He walked outside the fort and saw that LJ and Jason were far away in the field. He wanted to go home. He wanted to teleport home, without having to do any work. You weren’t supposed to be in a field during a storm, he knew. LJ and Jason looked to Jed like husband and wife. Jed always felt younger than his peers, like a baby almost. There was always the feeling that he had to try really hard at everything — smile bigger, talk louder and clearer, argue and fight things behind his eyes more.

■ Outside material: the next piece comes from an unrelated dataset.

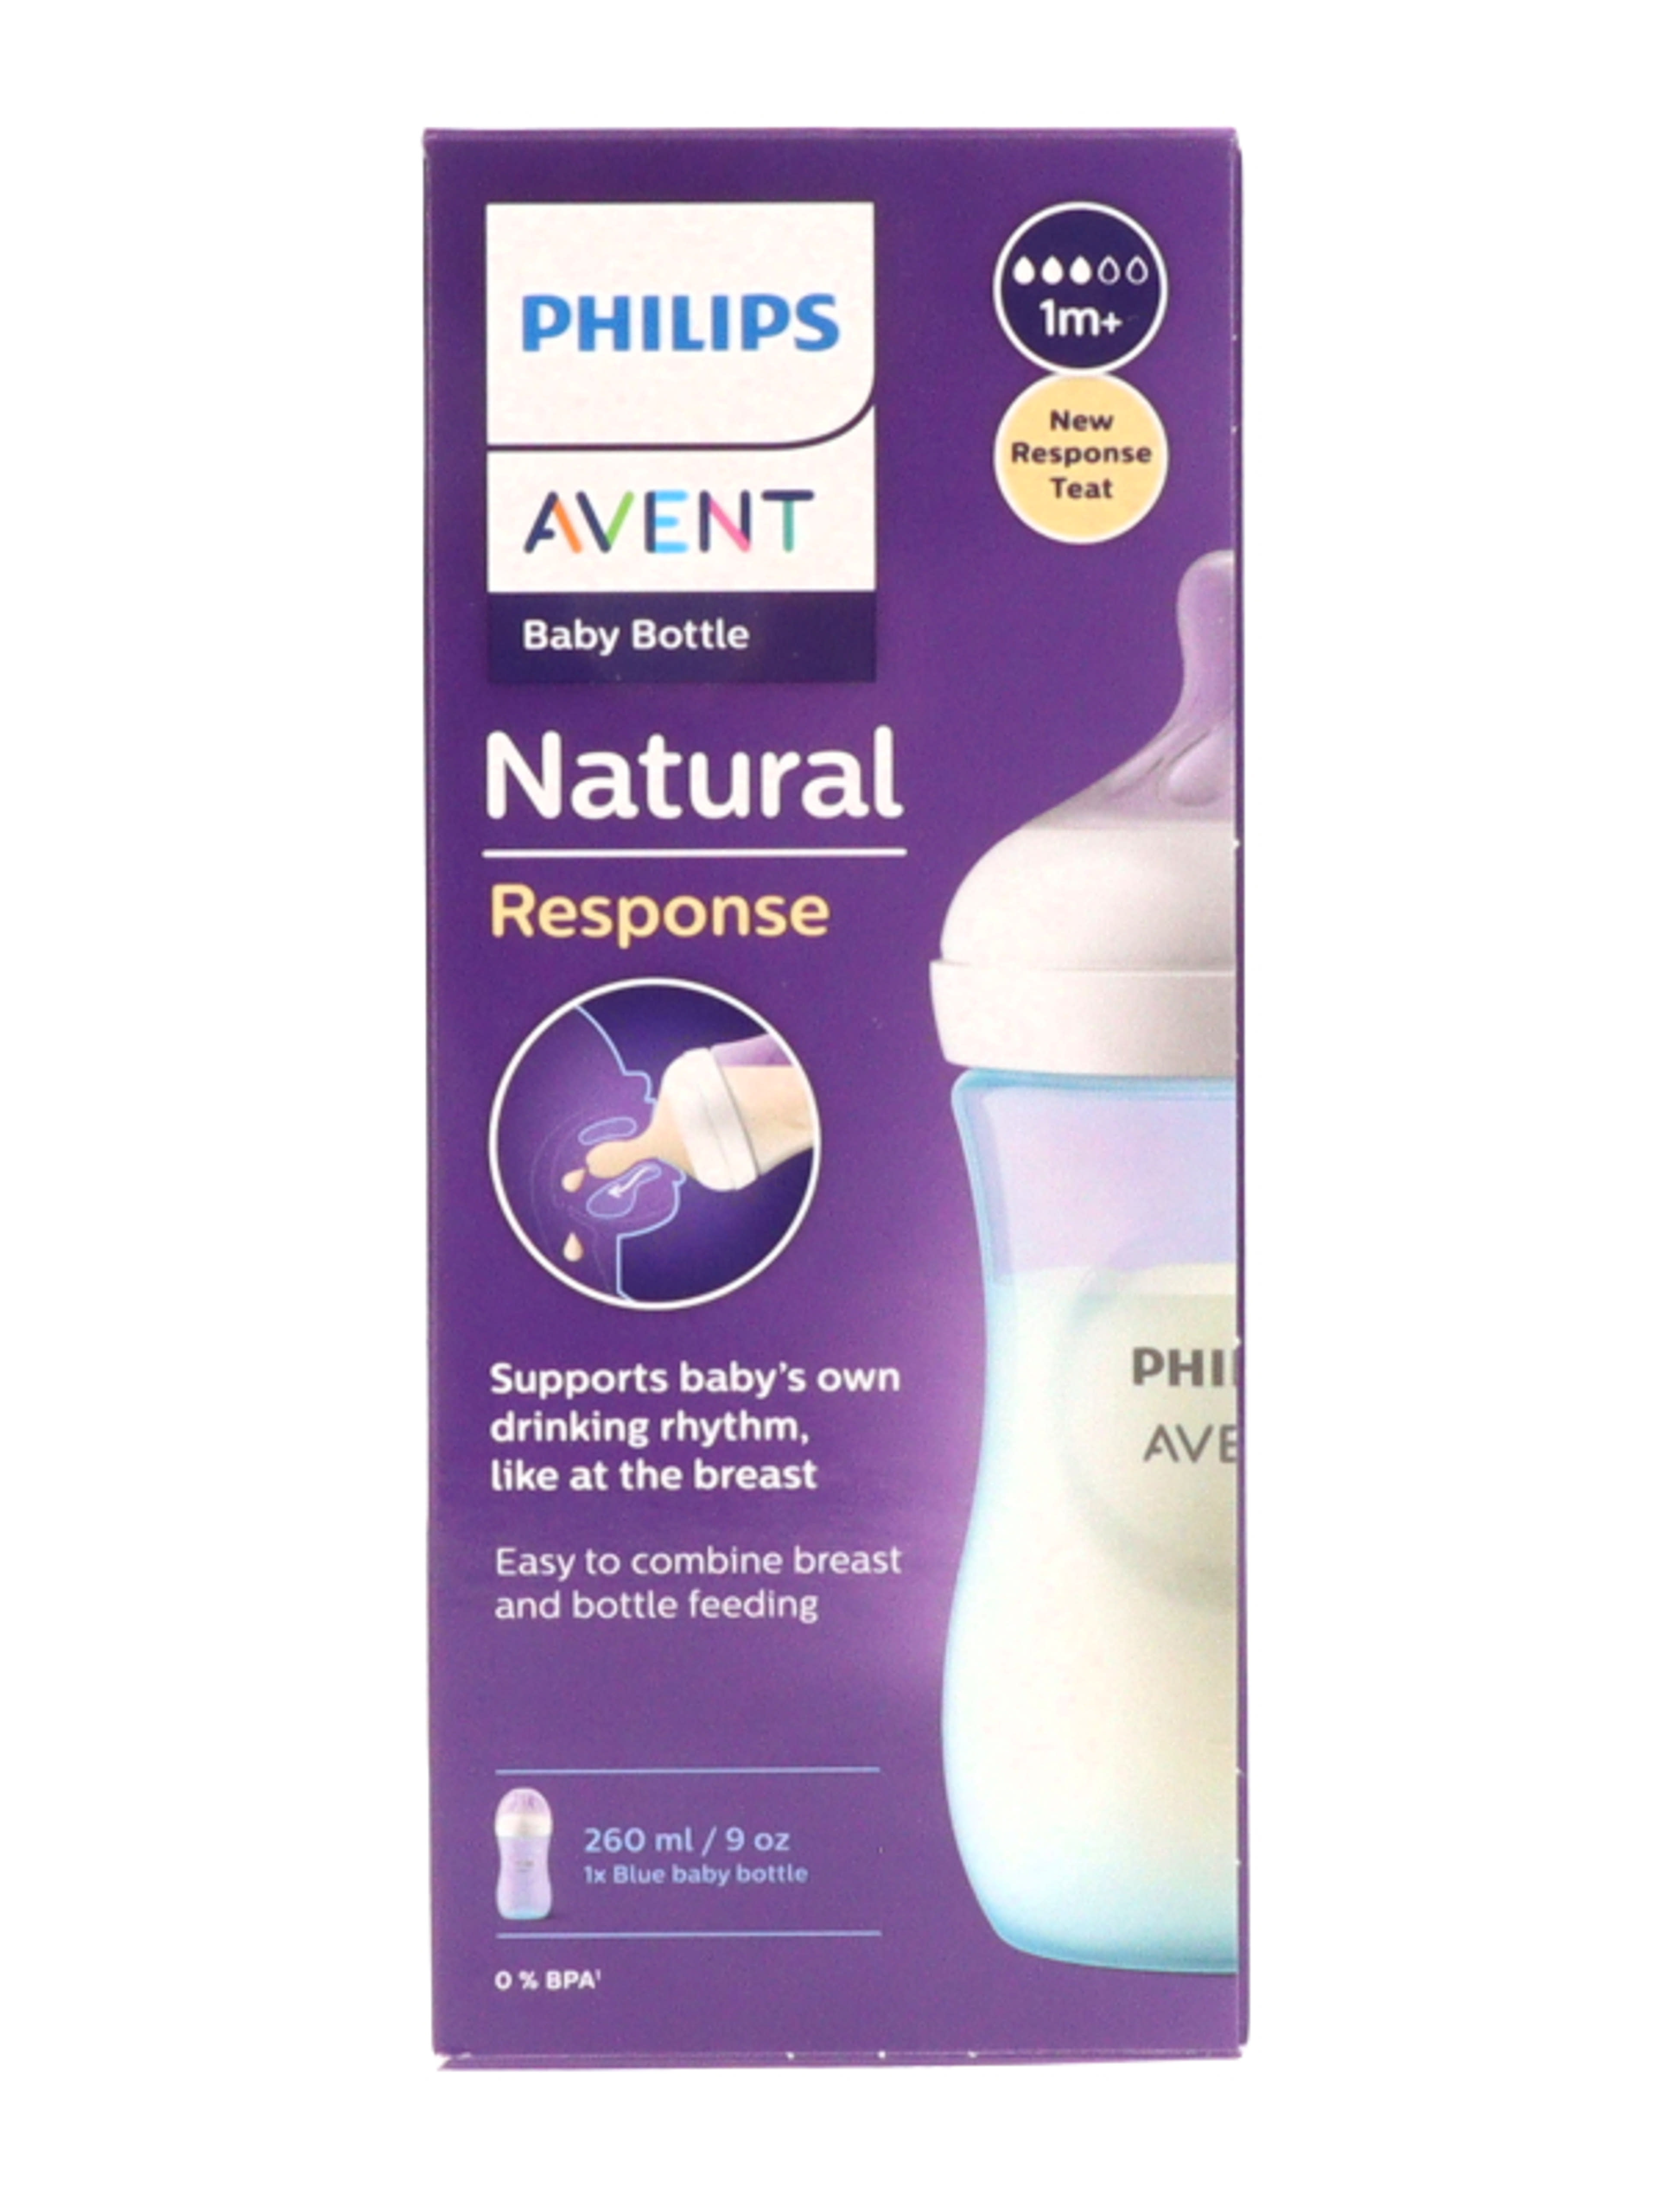 Philips Avent Natural Response cumisüveg 1 hónapos kortól 260 ml kék - 1 db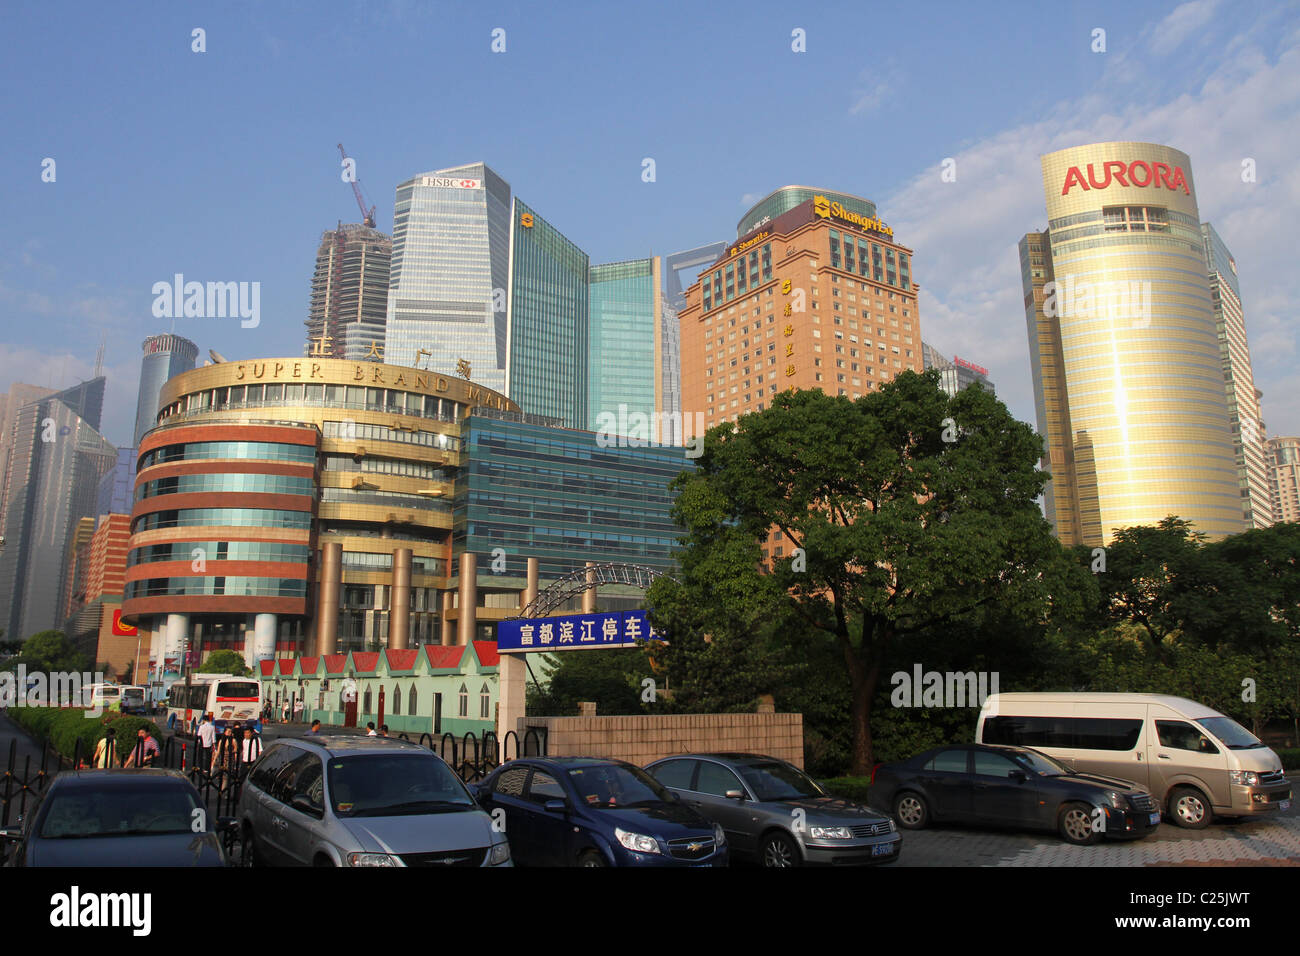 Street View. Il Pudong, Shanghai, Cina. Super Brand Mall, HSBC, Shangri-La, Aurora, edifici visibili. Foto Stock

He thought that tonight he would read PC Gamer magazine and drink fruit punch with ice cubes in it while taking a bath. He liked computer games. He felt better. He ran into the field. As he neared LJ and Jason, he remembered hazily his mother — she had left when Jed was three — and felt almost like he was LJ and Jason’s son. He ran to them.
“It’s Jed,” Jason said. “Jed head.”
“Jason,” Jed said inaudibly. He looked at Jason and LJ holding hands and felt very nervous. He looked away. The grass was up to their knees and Jed was afraid of snakes. They seemed to be walking toward McDonald’s and not the church.
LJ began to wrap her hair around her neck. She had very thin smoke-brown hair. She hadn’t been mentally focused for a while now. She had been thinking about … she couldn’t remember what.
“Don’t,” Jason said. “You’ll choke to death.” He went to unwrap LJ’s hair from her neck.
They stopped walking. LJ let Jason unwrap her hair some. What was happening, she thought. She twisted away and fell. She sat and looked at the top of the grass covering the rest of the field, swaying light green and flaxen, a failed and reoriented sea. “You’ll choke to death on a stiff Chinese dumpling,” she said. She grinned at Jed, who was looking down and doing a kind of sideways walk — shifting, it seemed. LJ didn’t understand it.
Jason put a hand out as if to help LJ up. “A stiff Chinese dumpling,” he said. “You don’t know what that means.” He was pointing now. With his other hand he took out an apple and began to nibble at it. “You can’t act this way. You won’t,” he said. “When you know the world ended already you’ll be different.”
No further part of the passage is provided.